• **Dataset section**
***

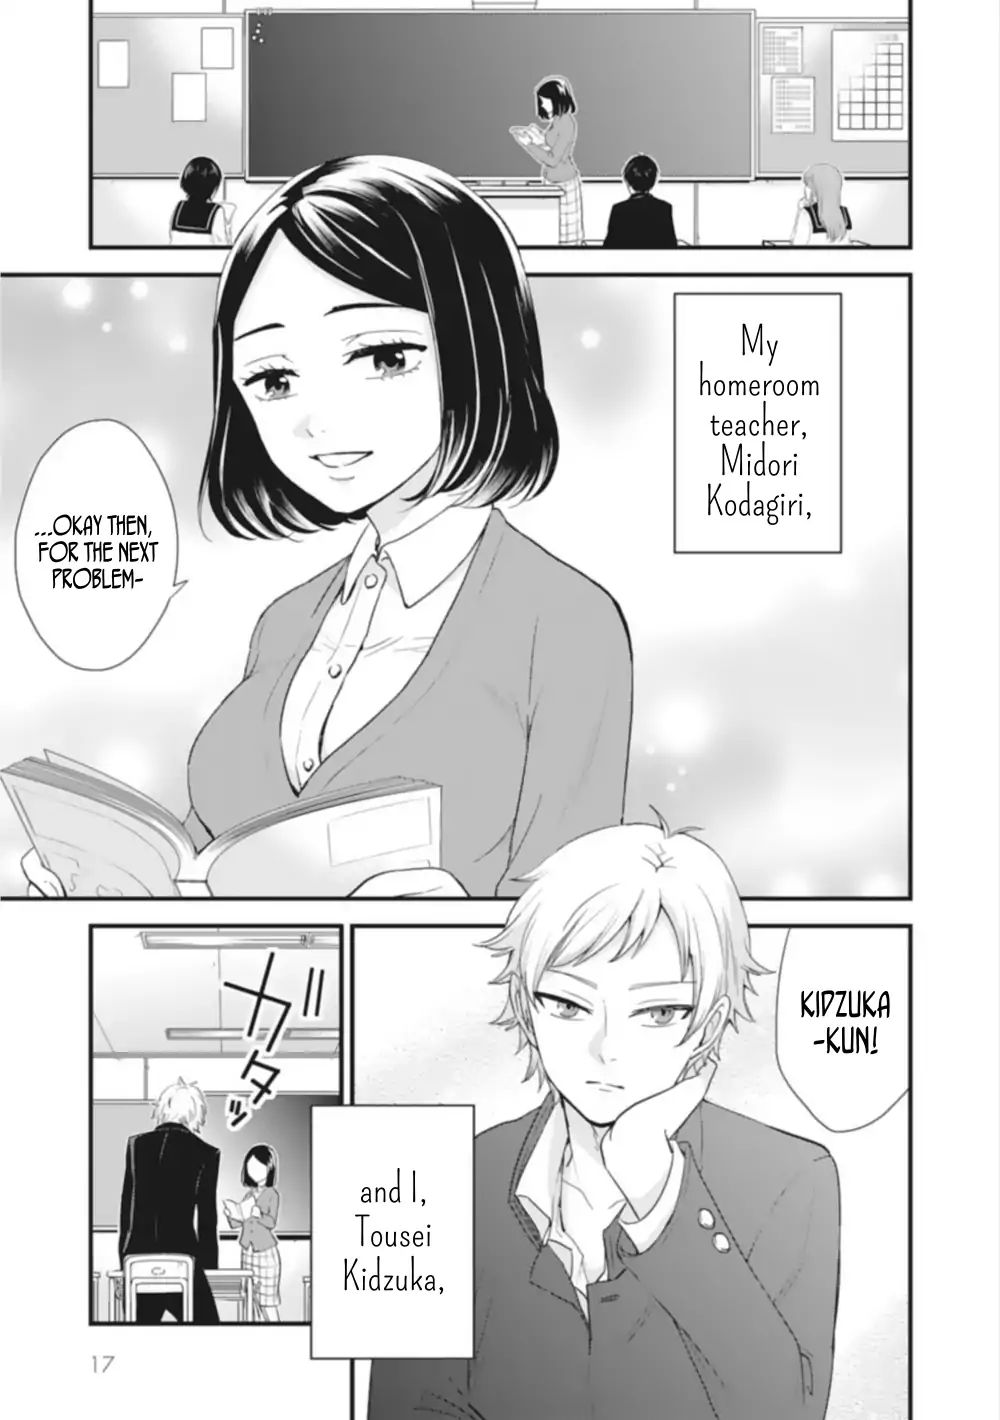 coach and student manga porn gay
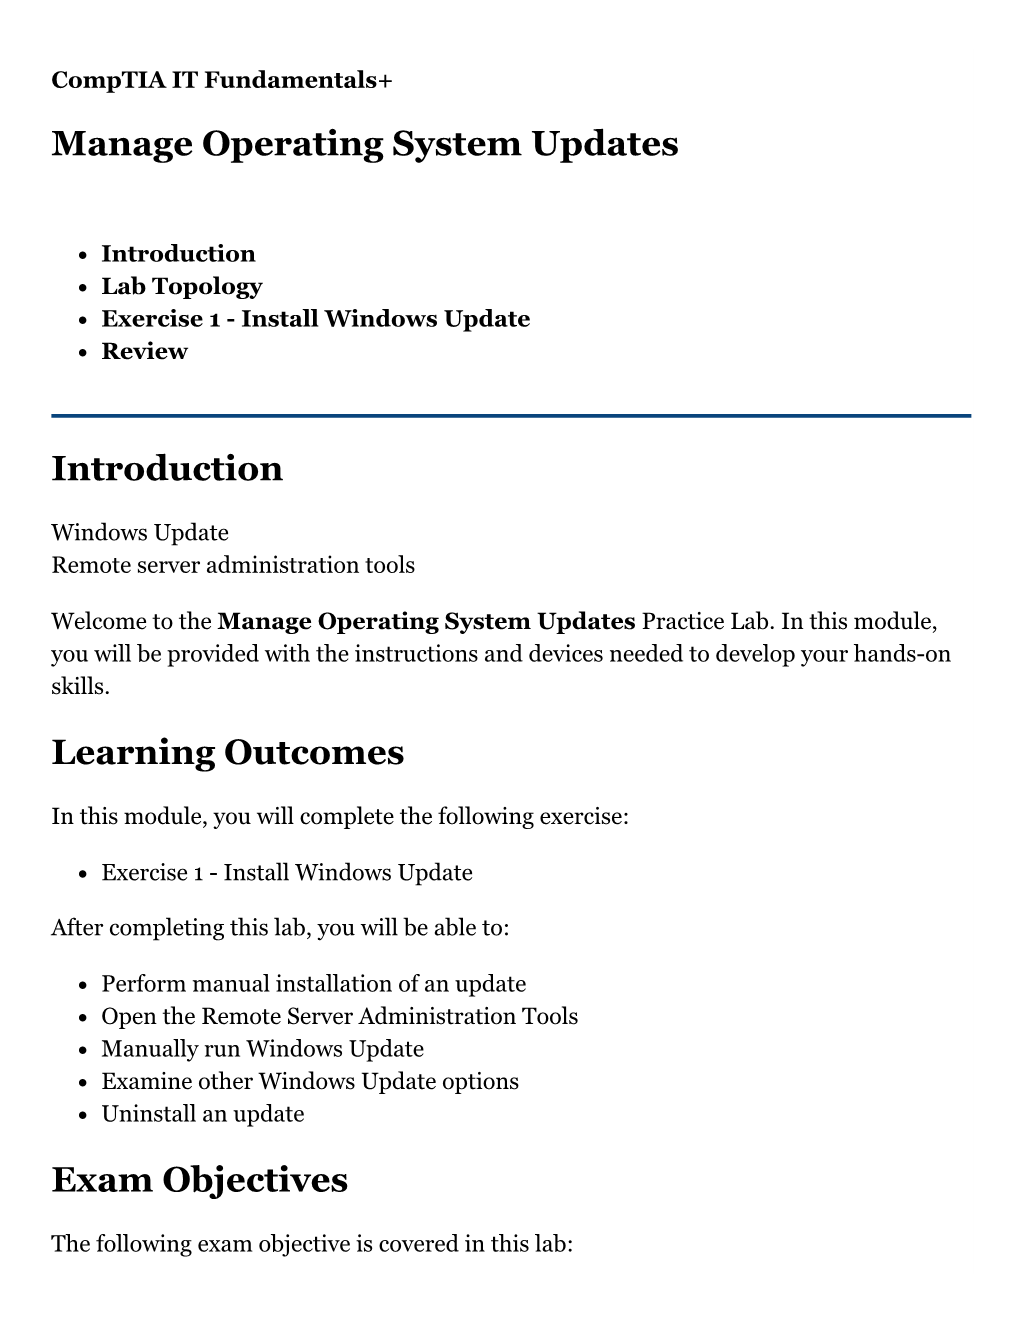 Manage Operating System Updates
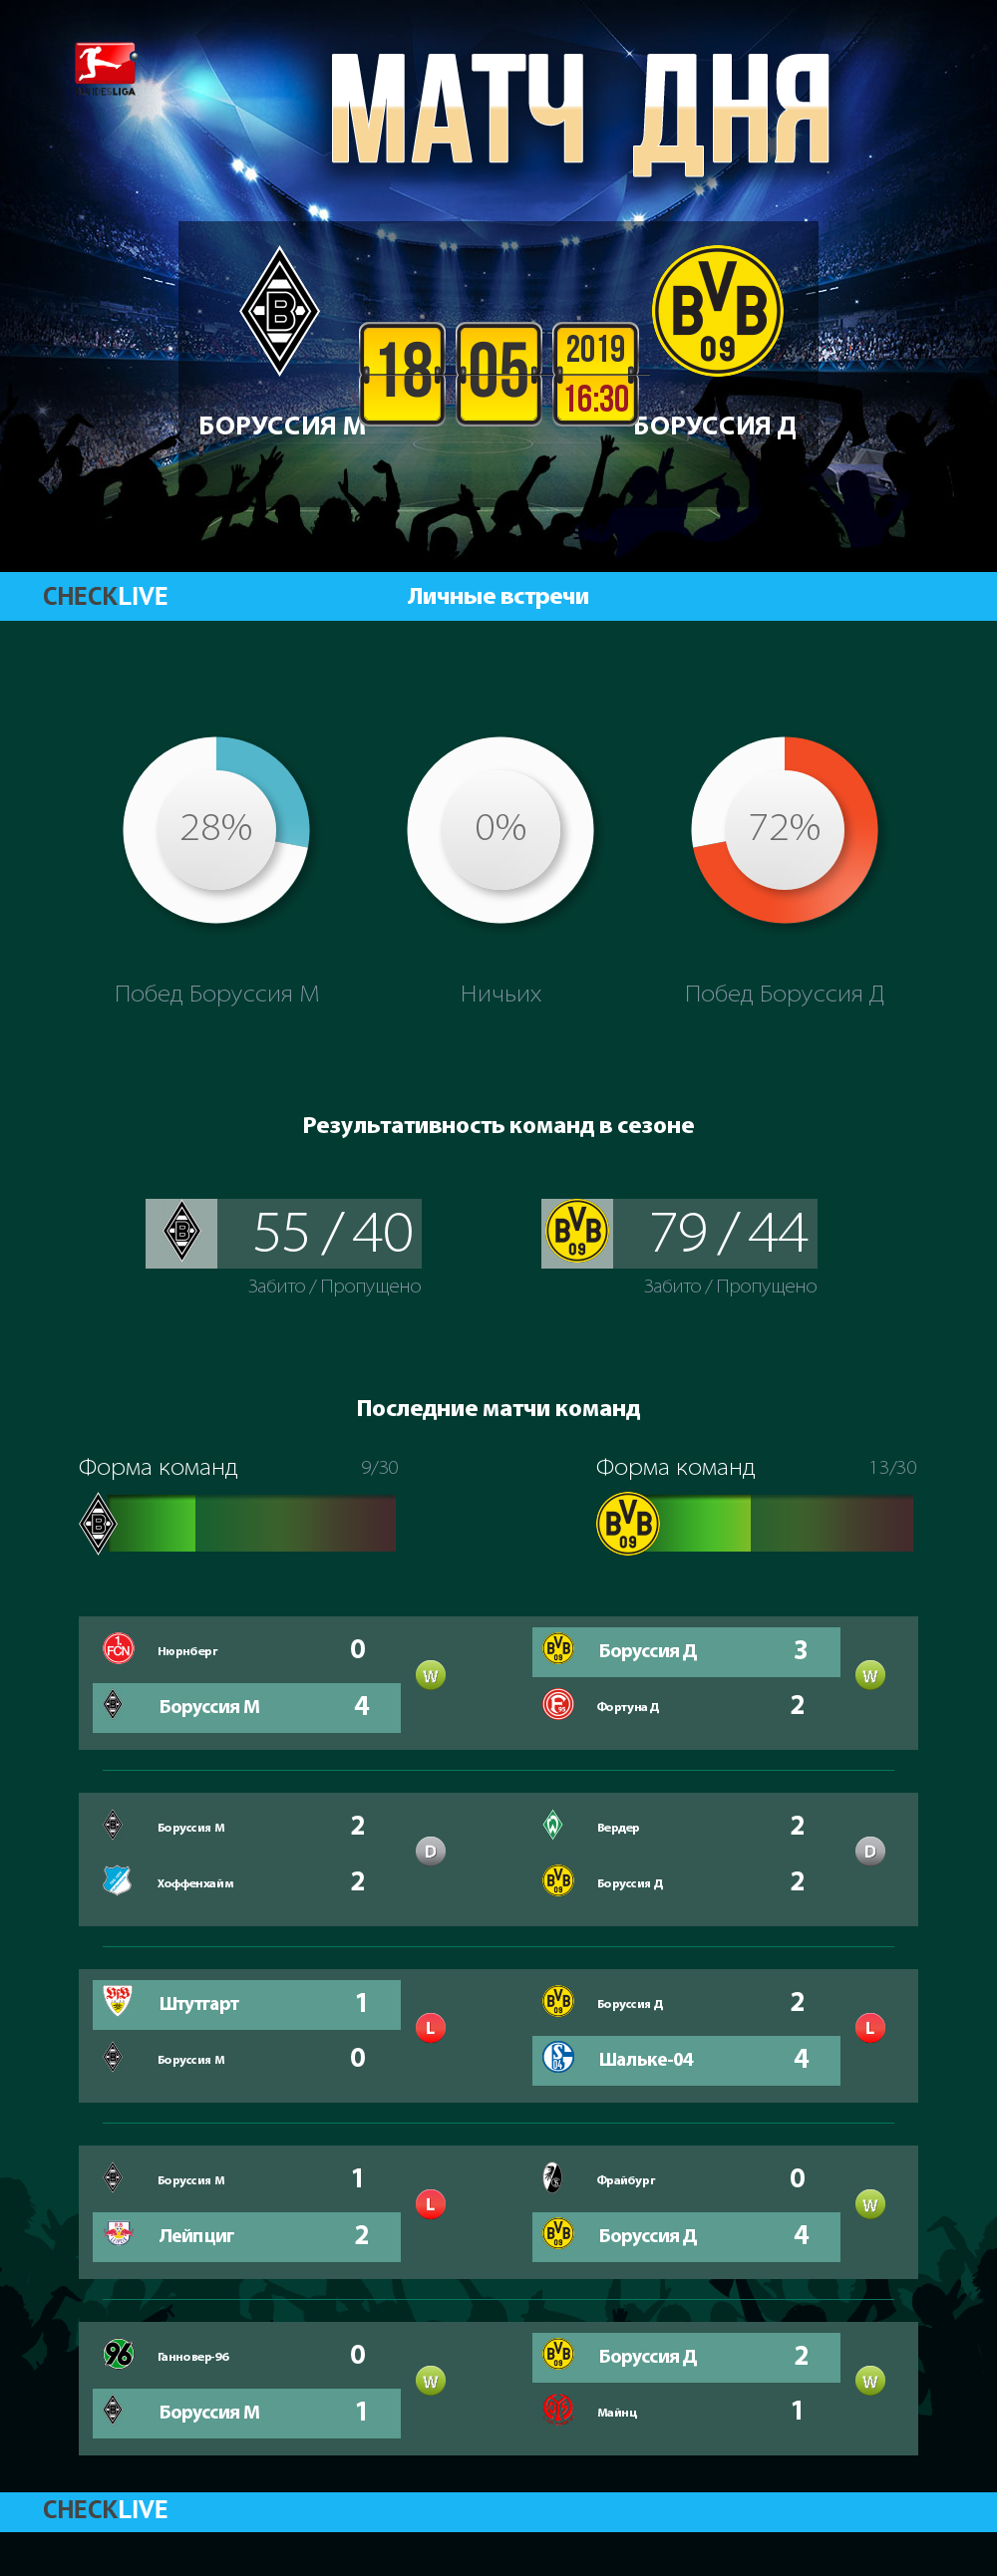 Инфографика Боруссия М и Боруссия Д матч дня 18.05.2019
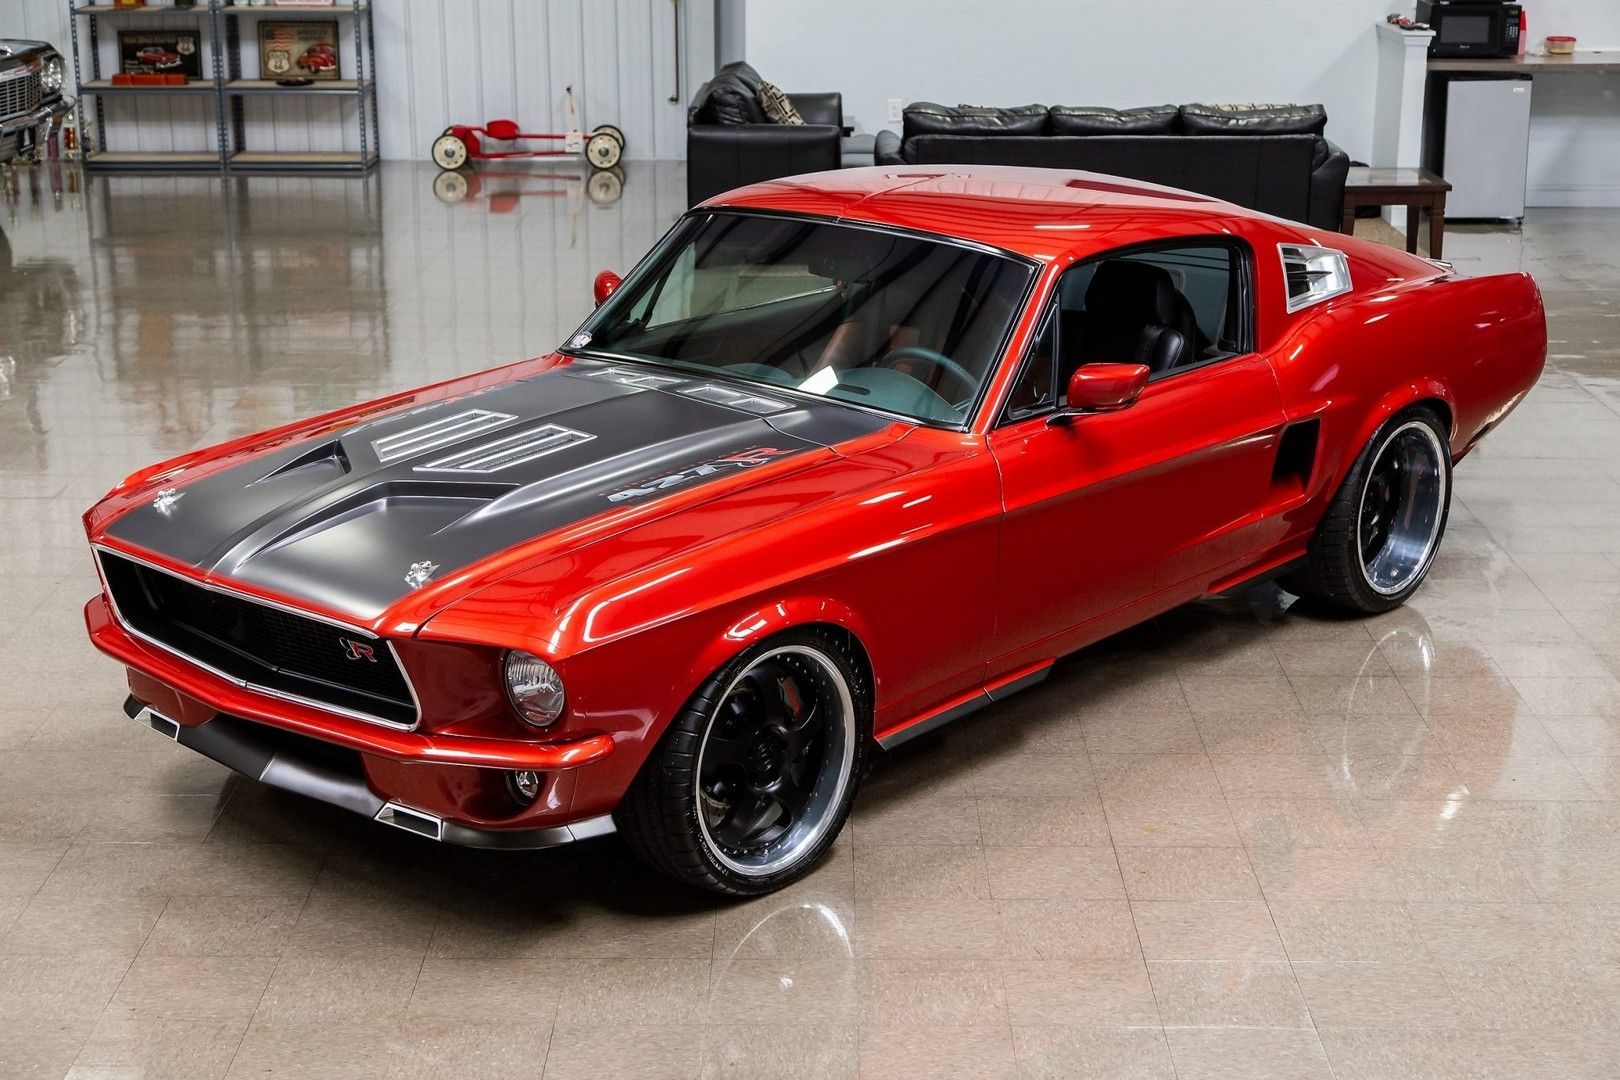 <img src="1967-ford-mustang-3.jpg" alt="Ringbrothers custom 1967 Ford Mustang">

***

• **Activity**
Leave the pictures out and print the whole listing precisely.

• **Exercise answer**
 coach and student manga porn gay
 Manage Operating System Updates
 Инфографика Боруссия М и Боруссия Д матч дня 18.05.2019
 <img src="1967-ford-mustang-3.jpg" alt="Ringbrothers custom 1967 Ford Mustang">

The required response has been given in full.